■ EXERCISE DESCRIPTION ■
Nothing but the lines below from the one containing "Separare la giacca" through the one containing "القضاء التركي يصدر" should appear in the answer, exact and without pictures.

■ DATA FOR THIS EXERCISE ■

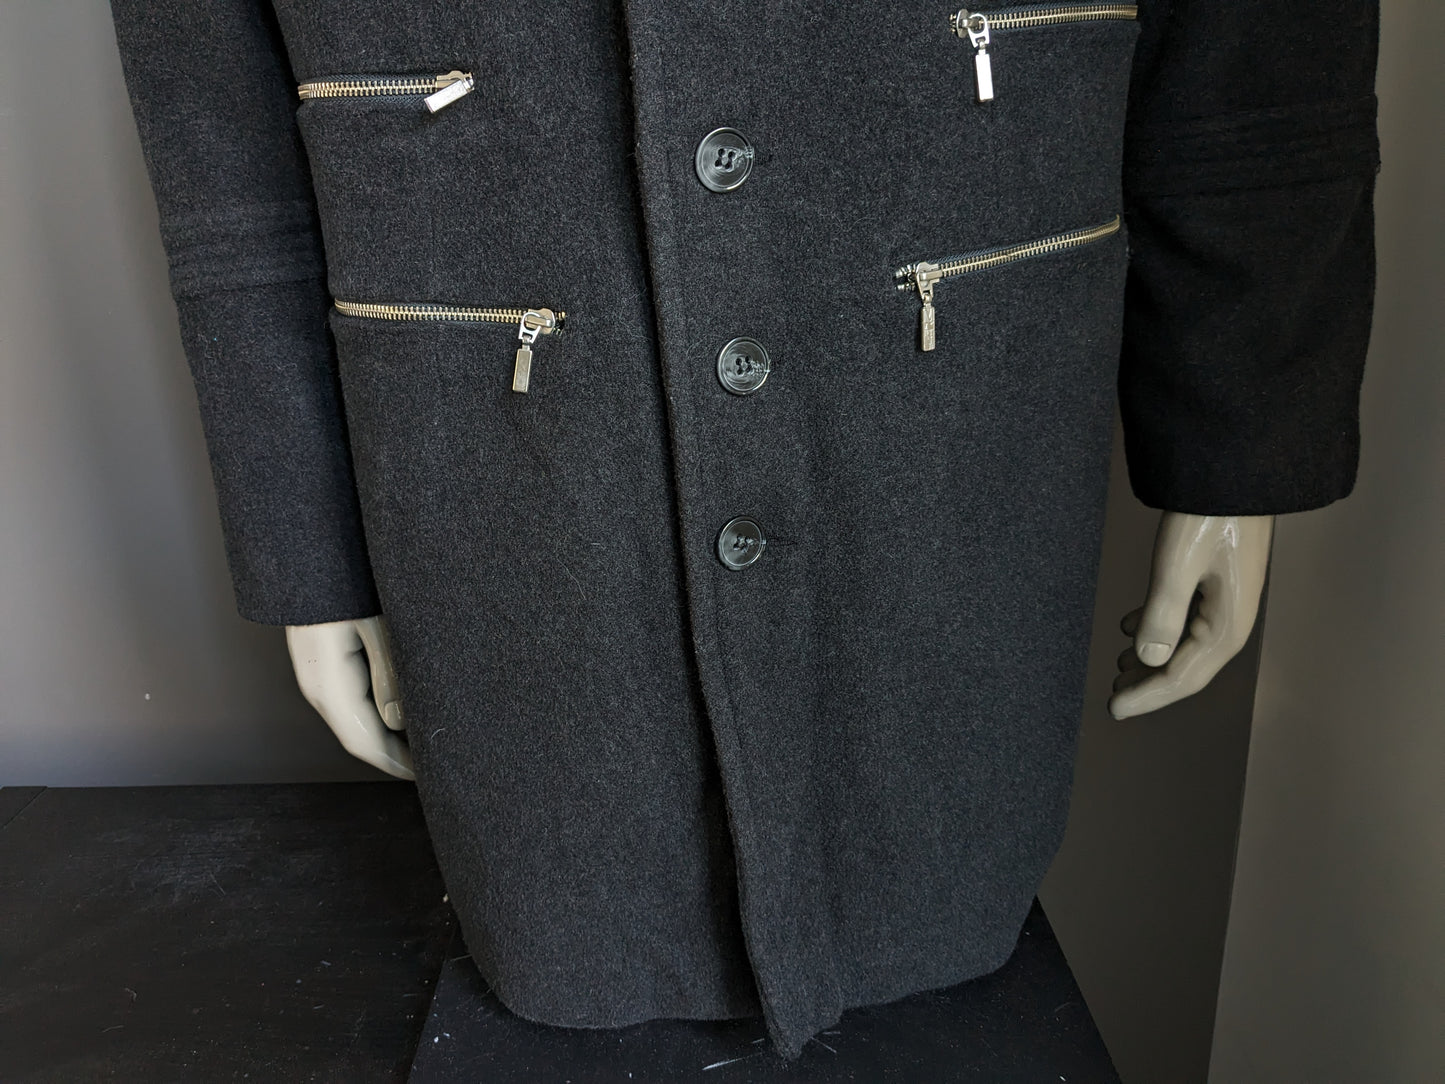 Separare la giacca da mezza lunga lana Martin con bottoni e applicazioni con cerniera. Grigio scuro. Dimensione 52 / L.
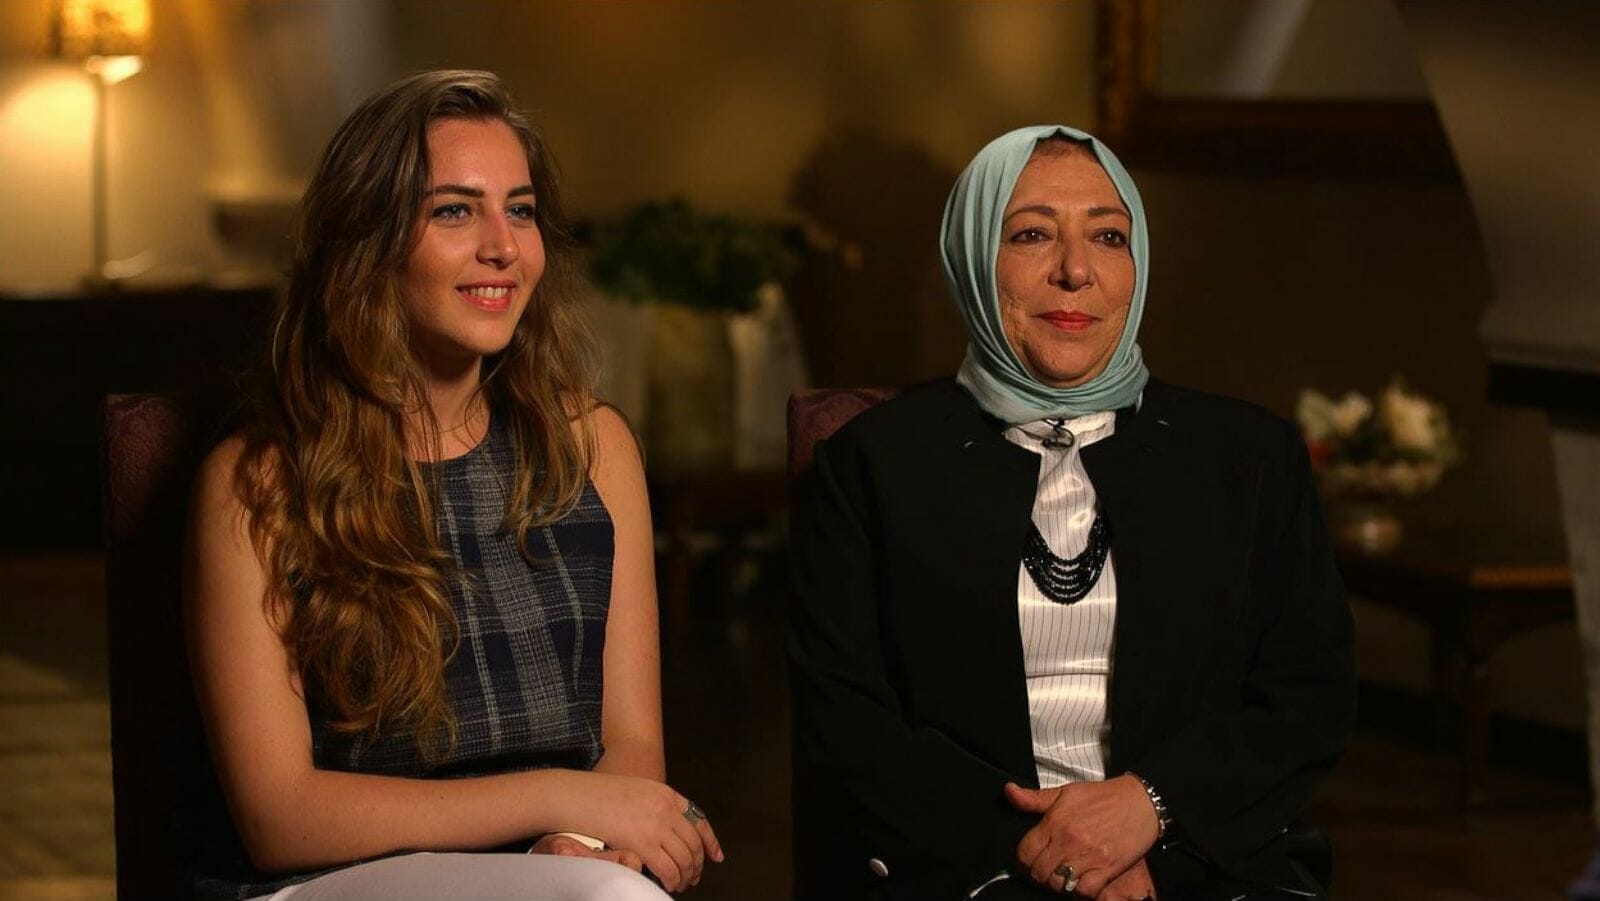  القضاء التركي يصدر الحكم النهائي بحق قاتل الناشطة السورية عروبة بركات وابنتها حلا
---
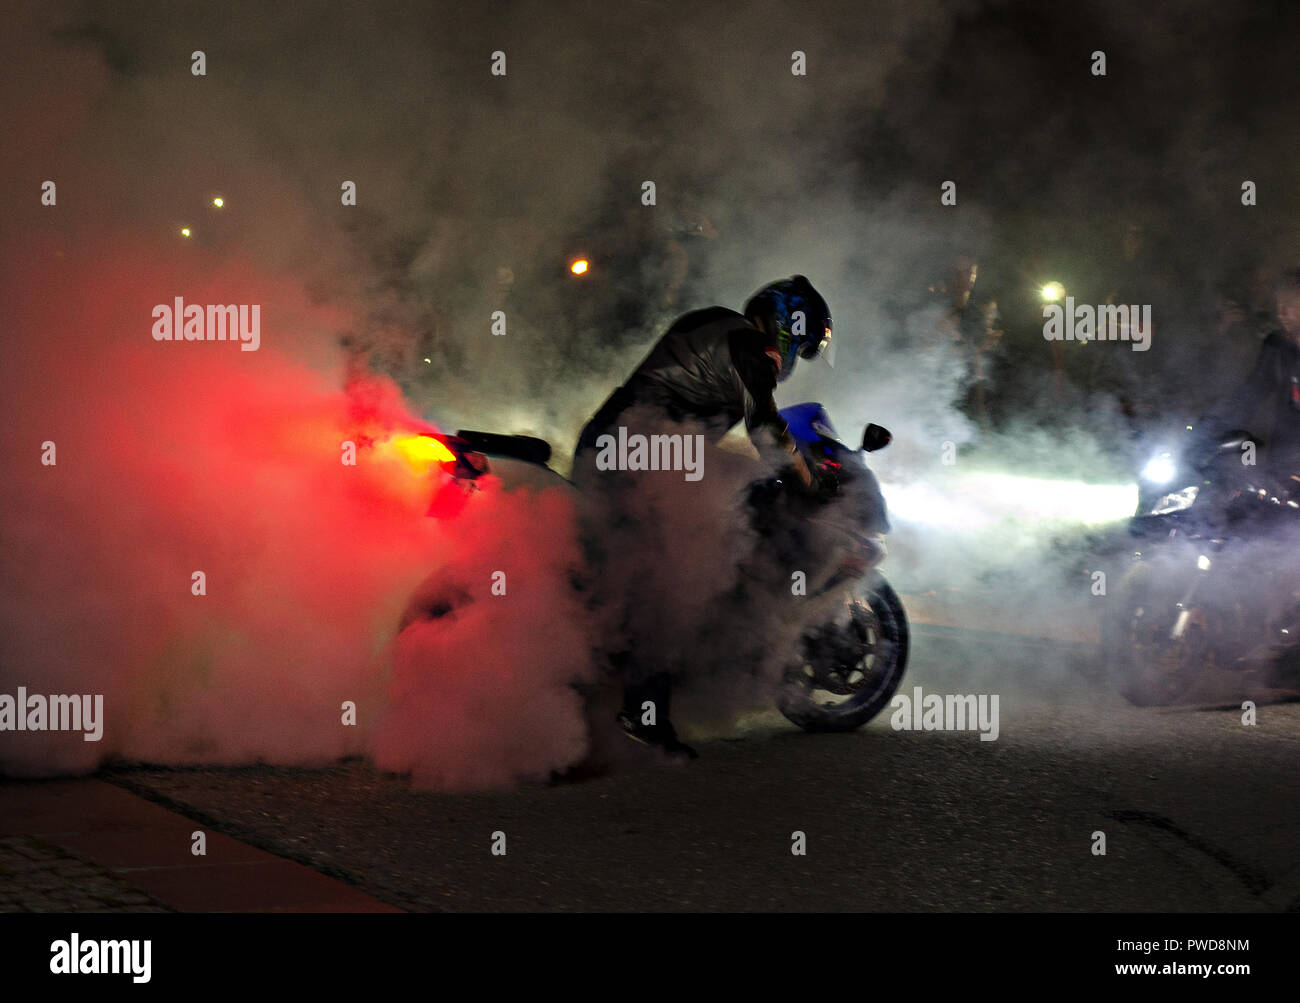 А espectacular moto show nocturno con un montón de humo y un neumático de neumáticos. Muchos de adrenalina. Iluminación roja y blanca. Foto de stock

■ SOLUTION TO THE PROBLEM ■
 Separare la giacca da mezza lunga lana Martin con bottoni e applicazioni con cerniera. Grigio scuro. Dimensione 52 / L.
  القضاء التركي يصدر الحكم النهائي بحق قاتل الناشطة السورية عروبة بركات وابنتها حلا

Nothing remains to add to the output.